L’histoire polono-allemande est de fait marquée par de nombreux « passés douloureux »8. Prenons-en pour preuve les Partitions qui, à la fin du XVIIIe siècle, font disparaître la Pologne des cartes européennes, ou encore la Seconde Guerre mondiale, qui engendre dominations, occupations, annexions, humiliations et massacres sur le territoire polonais. Certaines tensions sont beaucoup plus anciennes – mais non moins prégnantes – et remontent au Moyen-Âge. Elles sont toutes à l’agenda polono-allemand dès les années 1970 : suite au rétablissement des relations diplomatiques entre les deux pays en 1970, naît en 1972 une commission d’historiens9 entre la République populaire de Pologne et la République fédérale allemande. Elle se donne déjà pour but de créer un dialogue sur l’histoire et, dans l’esprit d’une « éthique reconstructive »10, de favoriser un « effort [commun] de lecture plurielle » du passé11 et par-là même, le rapprochement, voire la réconciliation polono-allemande.
En 2008, la commission décide de « passer à la vitesse supérieure » et de changer de cap : il ne s’agit plus de discuter de deux récits en parallèle, mais de produire un seul récit.

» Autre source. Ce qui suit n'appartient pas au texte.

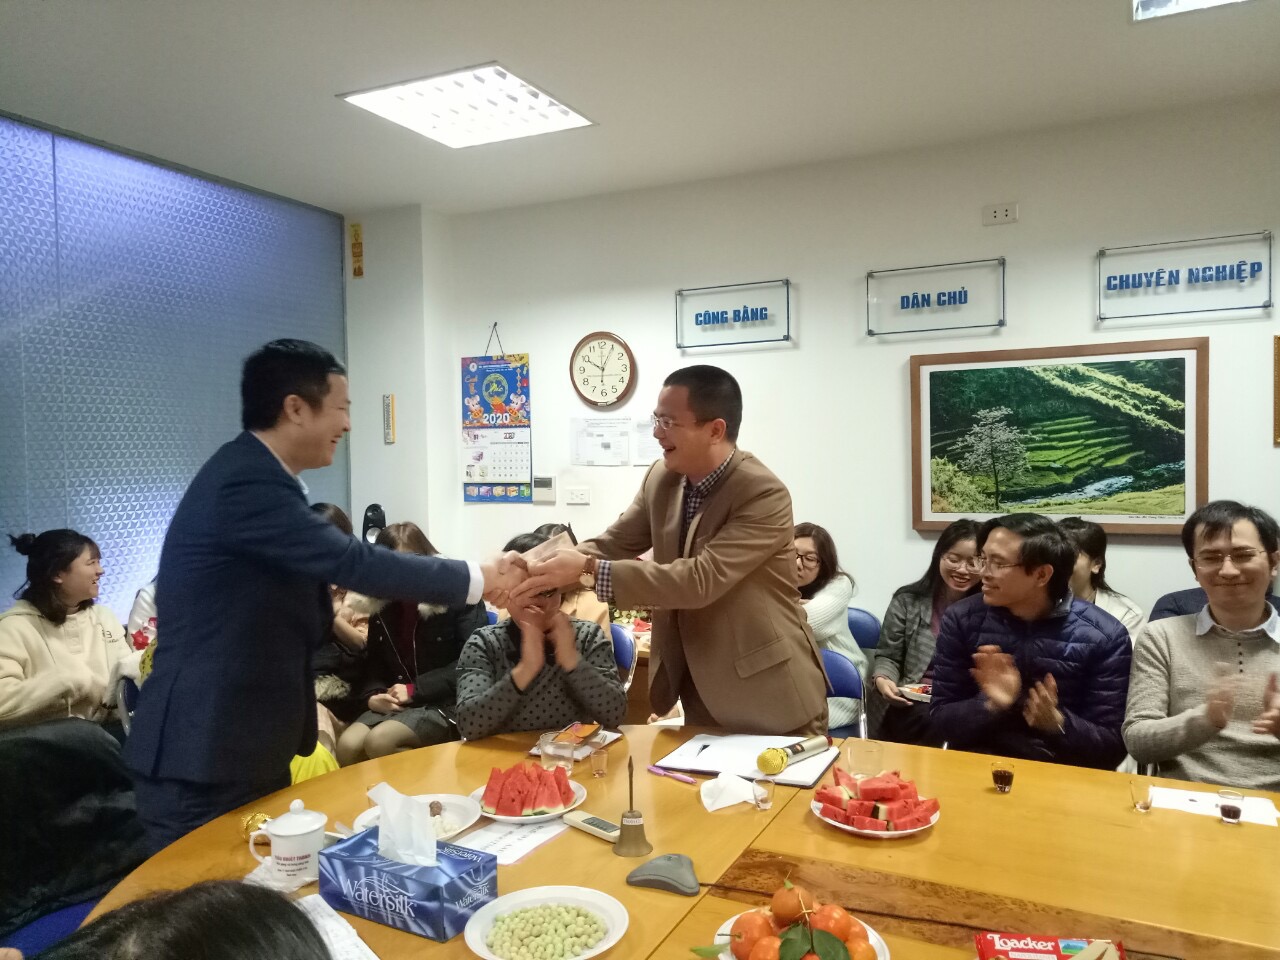 Giám đốc Bán hàng miền Bắc Bế Mạnh Hà thay mặt anh Đồng Xuân Hùng nhận phần quà của Tổng giám đốc trao cho nhân viên có sáng kiến khai xuân xuất sắc

Comment présenter une histoire commune à l’école ? Comment écrire un manuel d’histoire dans un cadre bilatéral ? Quelles sont les stratégies mises en place pour y parvenir ? Plutôt qu’une définition consensuelle, nous retiendrons ici la diversité de sens du terme « réconciliation », à commencer par son étymologie12. Tantôt politique, philosophique ou religieuse, tantôt vue comme une fin en soi ou comme un processus13, la « réconciliation » est variable d’un acteur à l’autre, d’un contexte à l’autre, d’une discipline à l’autre14.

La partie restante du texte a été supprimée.